- _Your instructions_
When you reach the line containing "Treadmill thong", start transcribing exactly and continue through the last line of the data, skipping every picture.

- _Data block_
^^^^

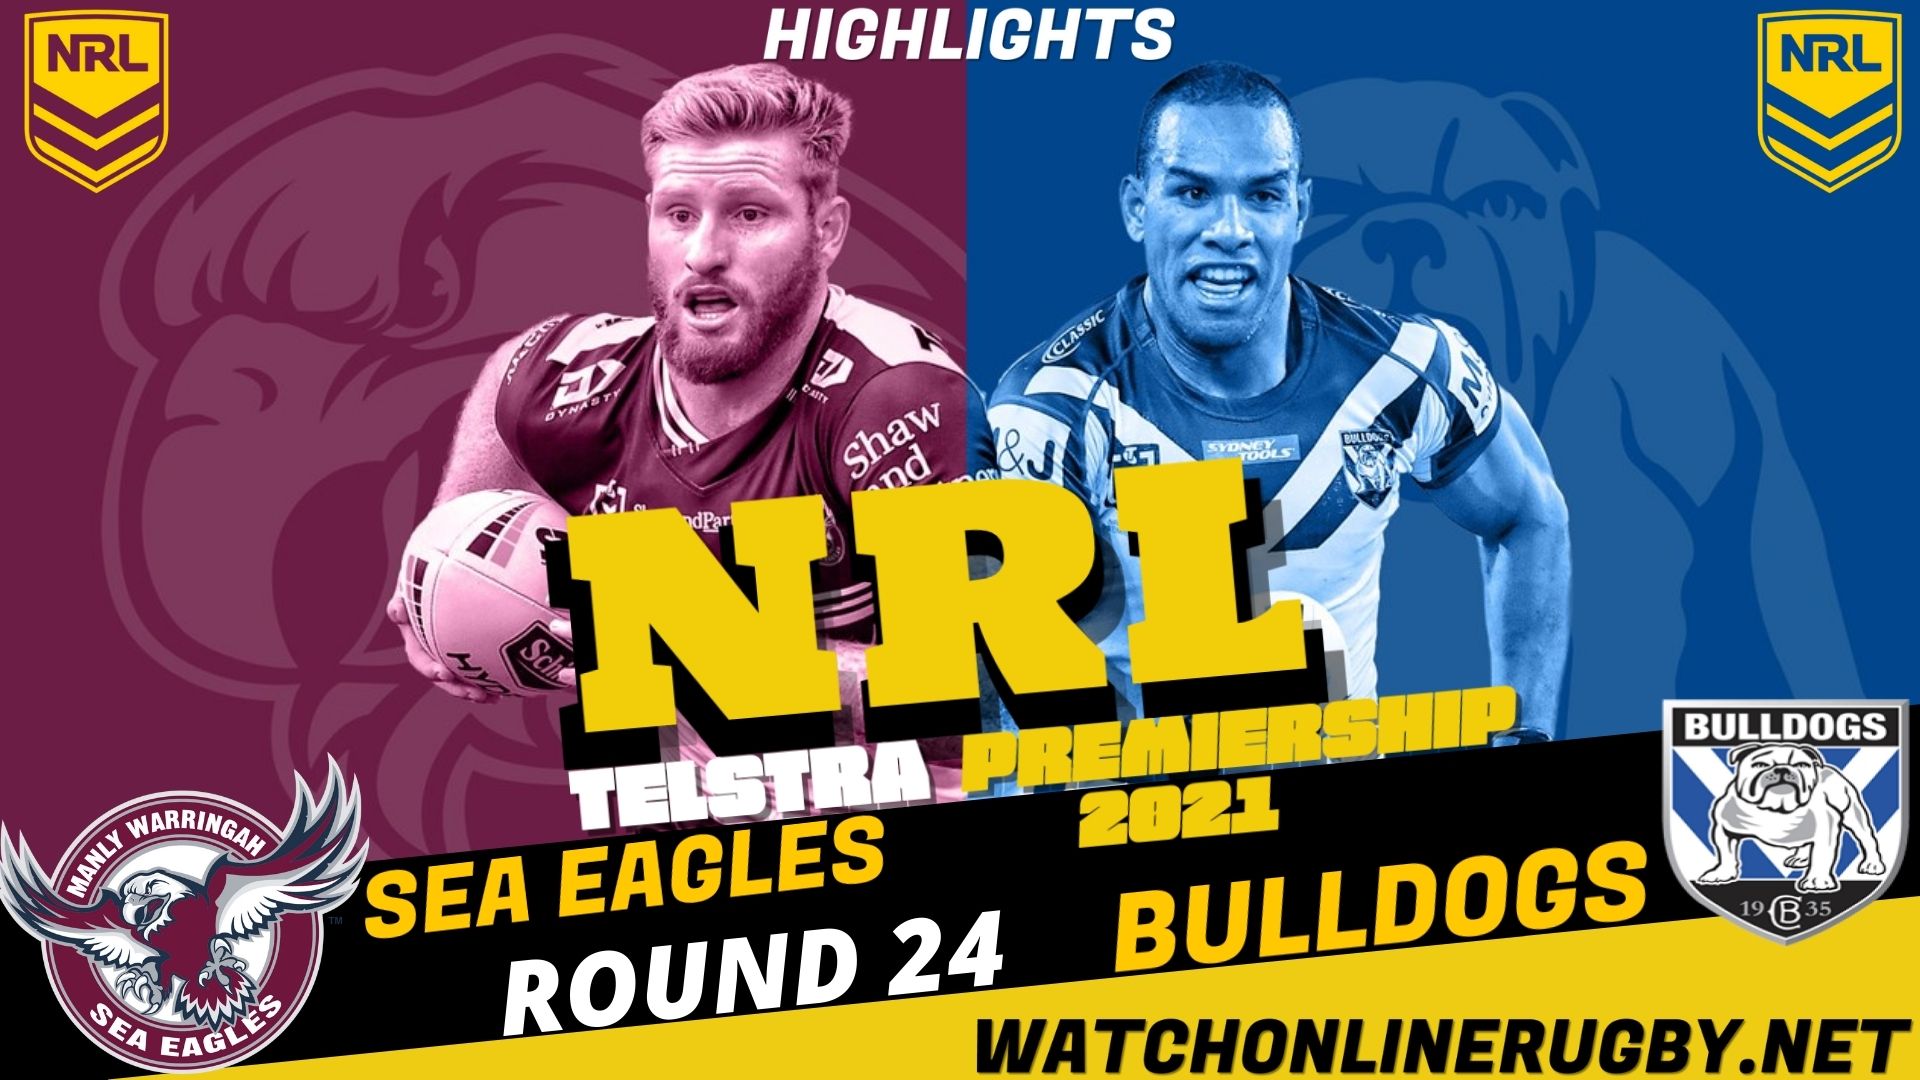 Sea Eagles Vs Bulldogs Highlights RD 24 NRL Rugby
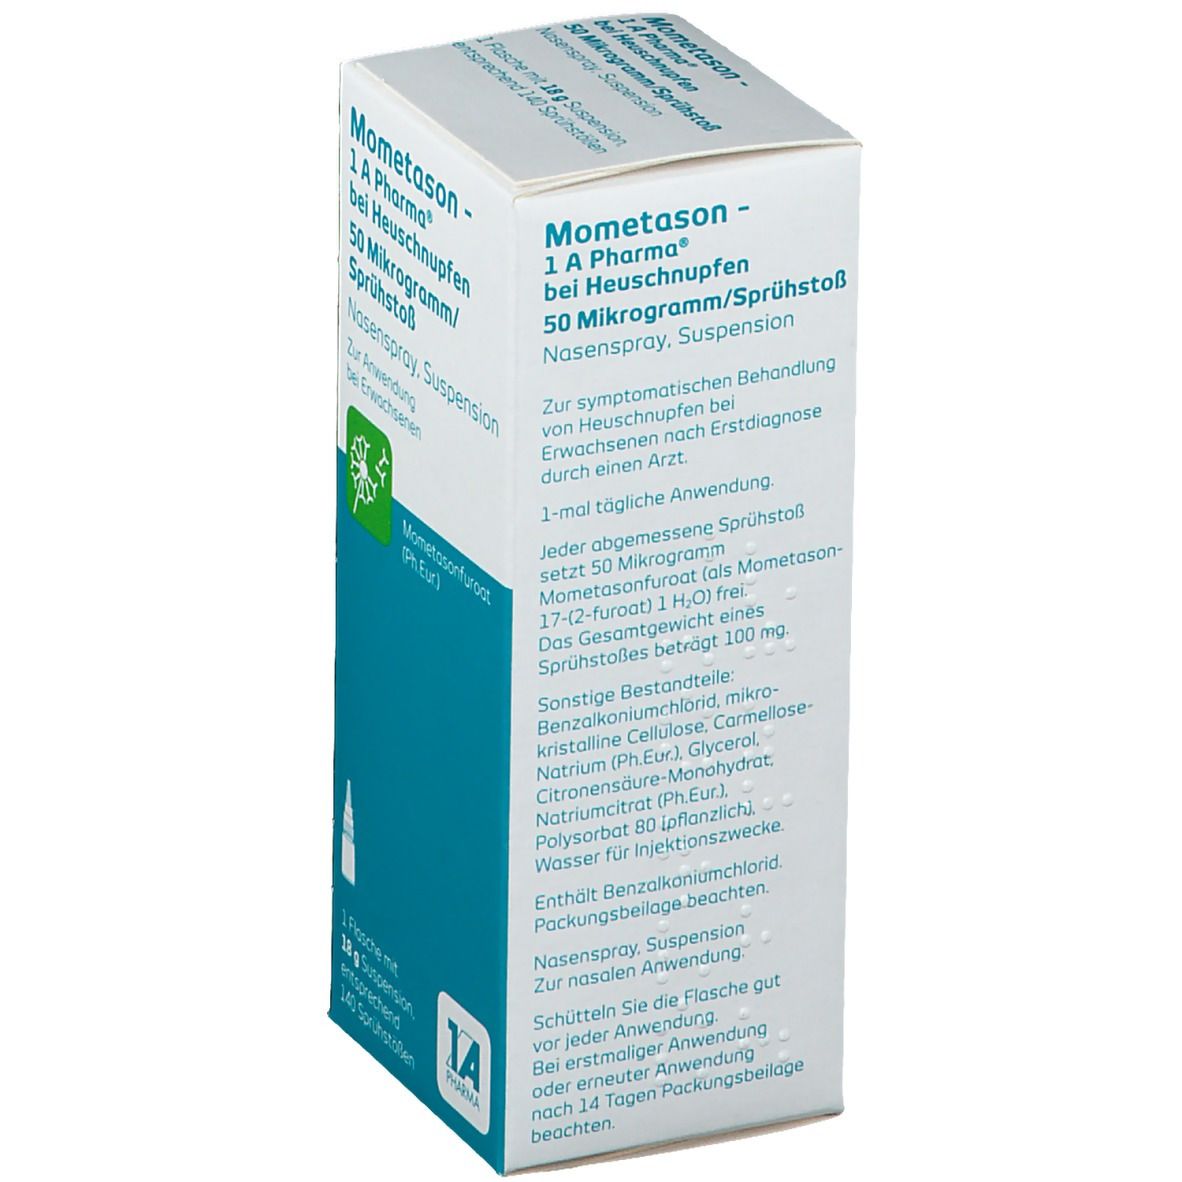 Mometason 1 A Pharma® bei Heuschnupfen
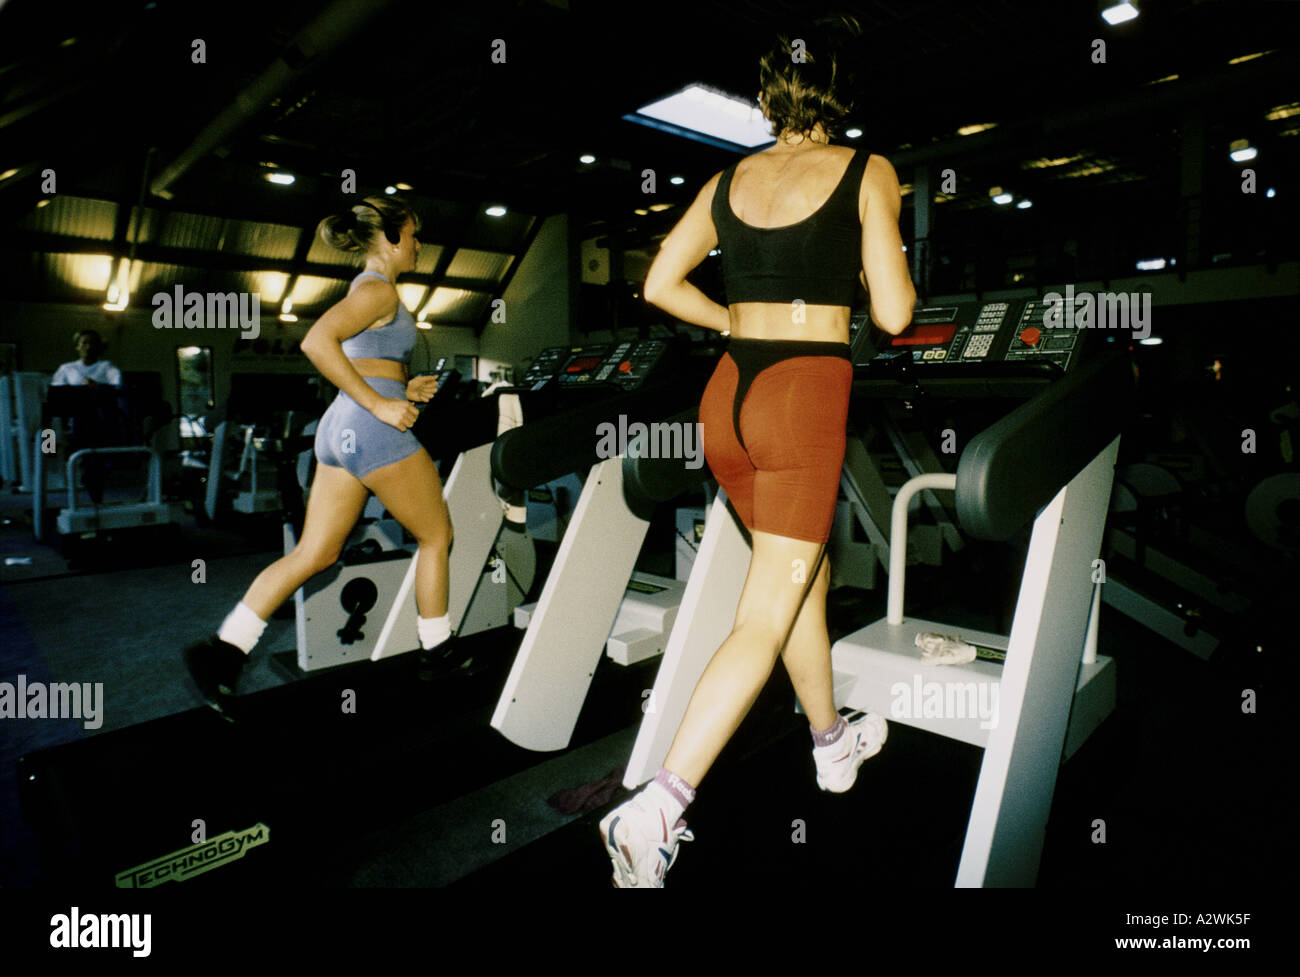 Treadmill thong
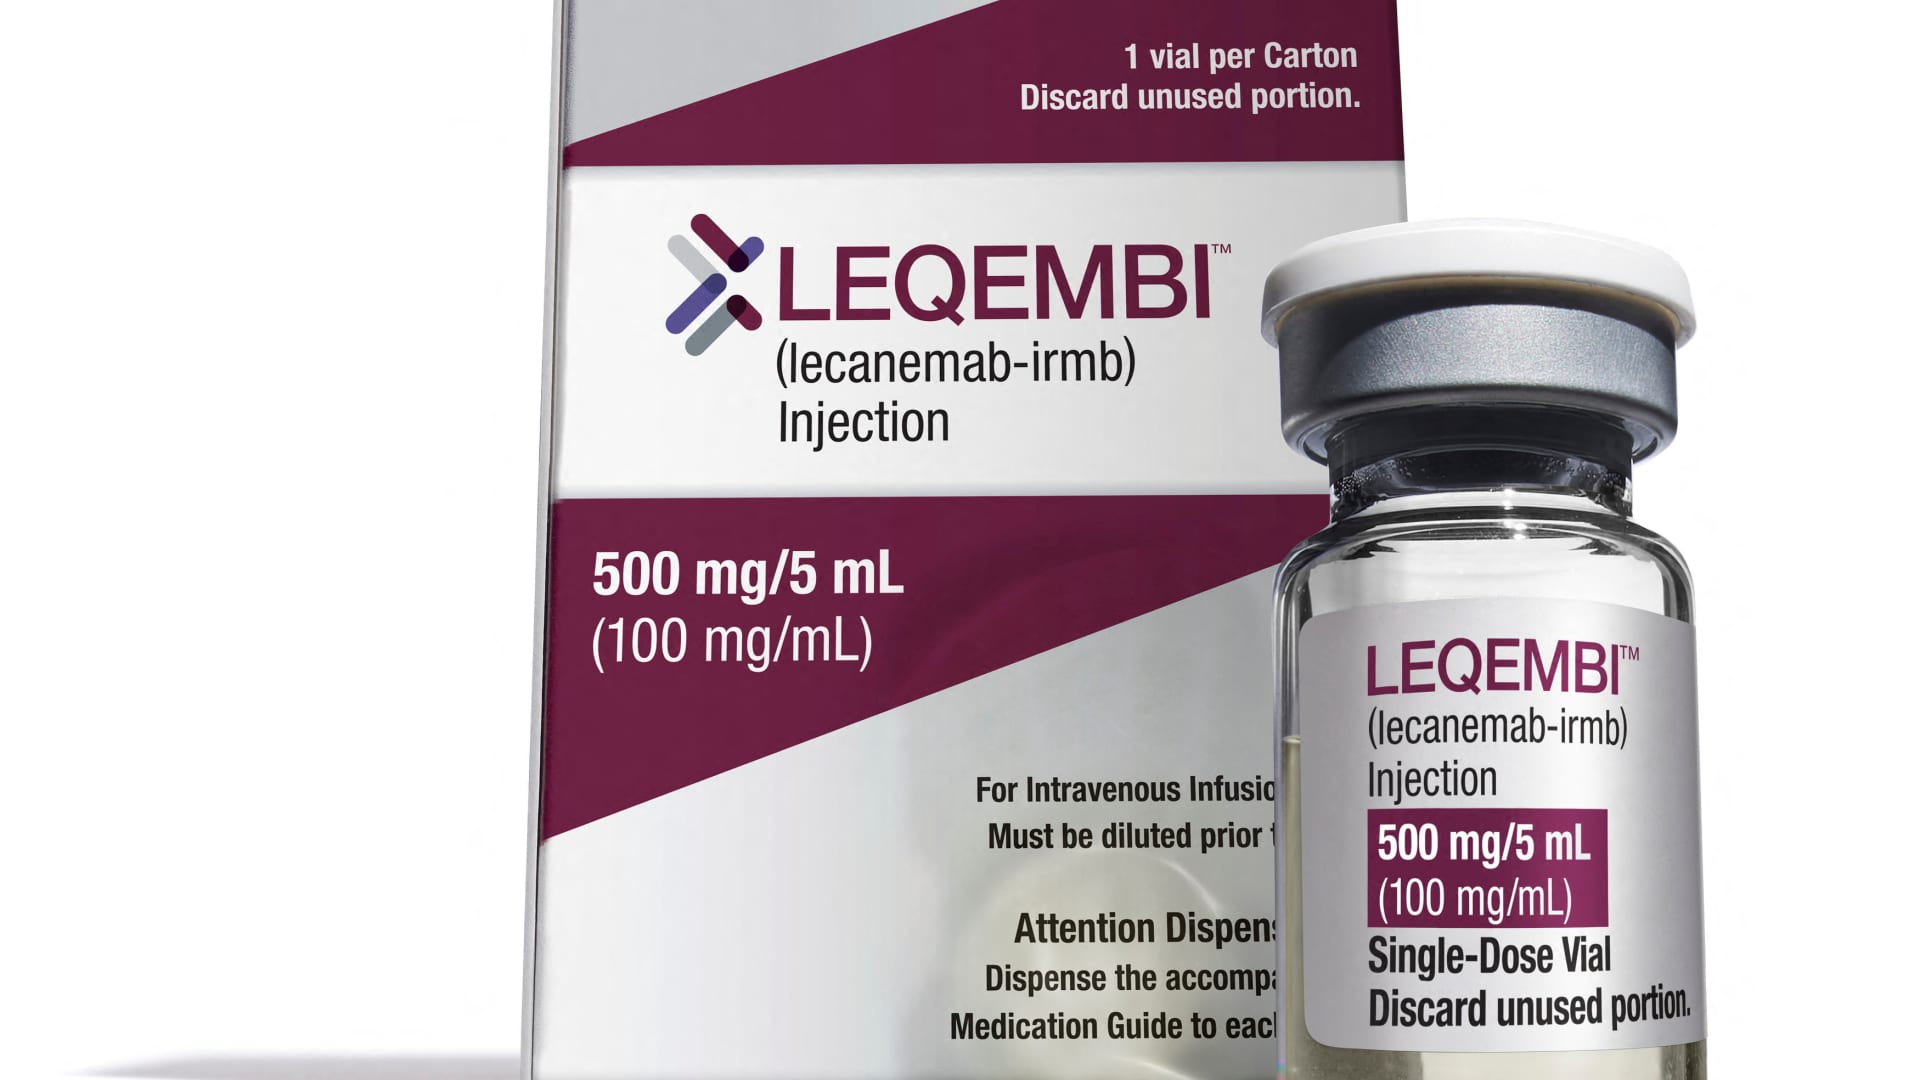 Alzheimer’s drug Leqembi shows promise as injection

^^^^

- _Your solution_
 Treadmill thong
 Alzheimer’s drug Leqembi shows promise as injection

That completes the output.